One of the biggest problems with using seeding material is that the water parameters of the two tanks have to be very similar for the process to work. The first rule is to make sure the pH and KH levels of your two tanks are similar. The second rule is to remember that new fish always bring a little bit of their own bacteria with them.
Adding nitrifying bacteria colonies to the water or to the substrate can also speeding up the process. Such colonies are available in the form of ready preparations that should be added to the water or to filter system.
While some over-the-counter supplements can help to increase your fish tank’s levels of beneficial bacteria, they’re not a complete solution. Your product also needs to be checked that still has good viability by checking that it’s within the expiration date.
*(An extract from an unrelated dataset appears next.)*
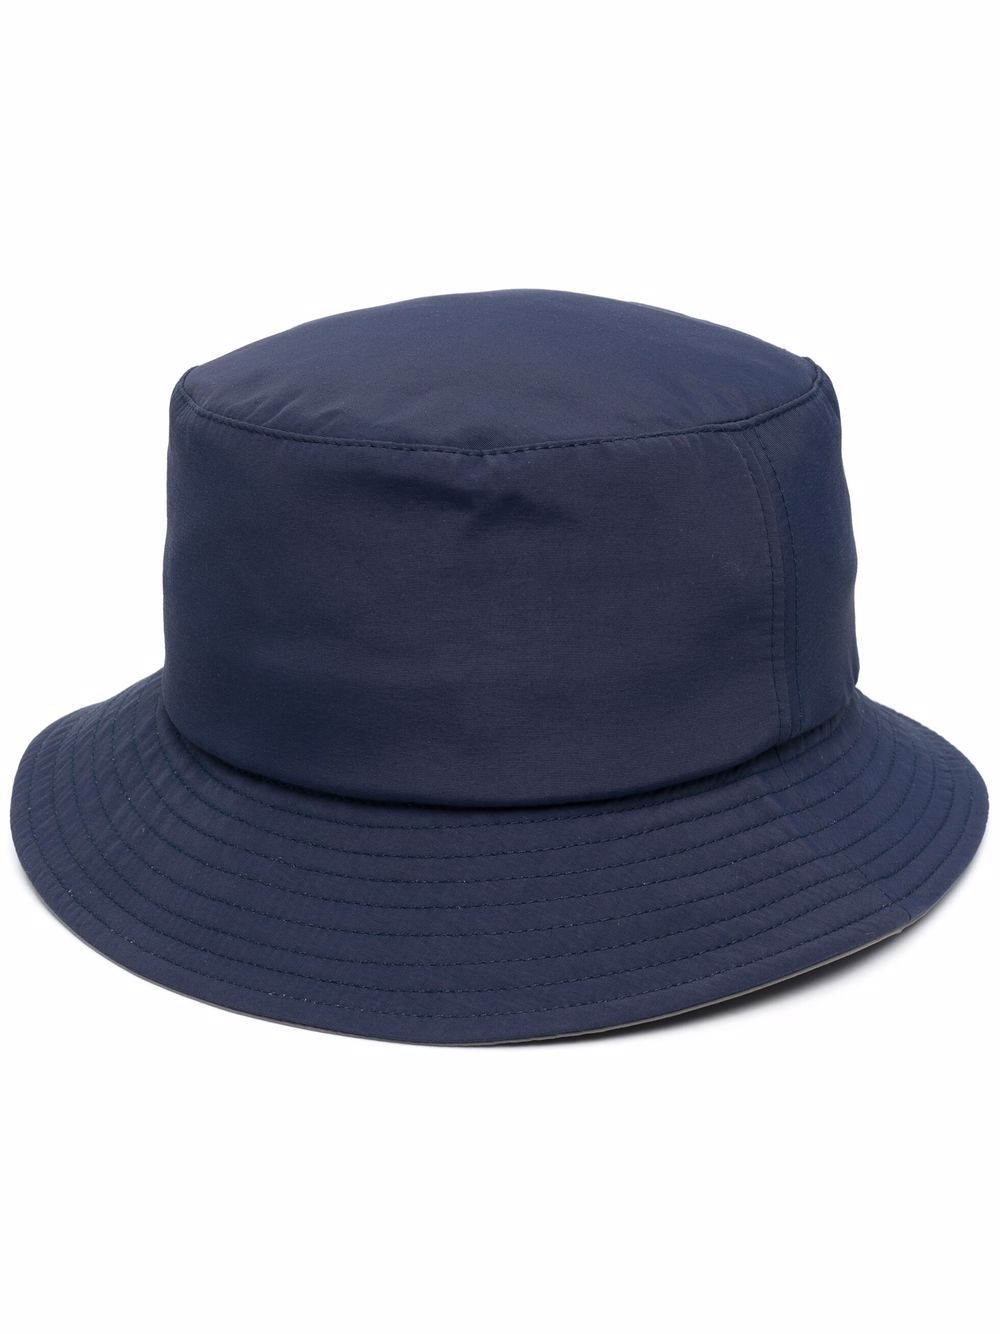 PS Paul Smith Stitched Bucket Hat - Farfetch

Remember that using an existing tank to accelerate the nitrogen cycle in aquarium may be associated with certain risks. An existing aquarium may contain pathogens, harmful bacteria and parasites. If we are not sure whether the existing aquarium is healthy, do not perform any treatments. This can lead to displacement and contamination with harmful organisms.
In conclusion
It doesn’t really matter what method you use. There is no magic way that will make the cycling process go very quickly. You can shorten the time by testing the water, water changes and regular conversation.
Nitrogen cycle in aquarium never ends. You need to understand that the nitrogen cycle is an ongoing process. Although you can’t see it, it is designed to protect our fish from dangerous substances. The maturation process of the tank is an element that we cannot skip.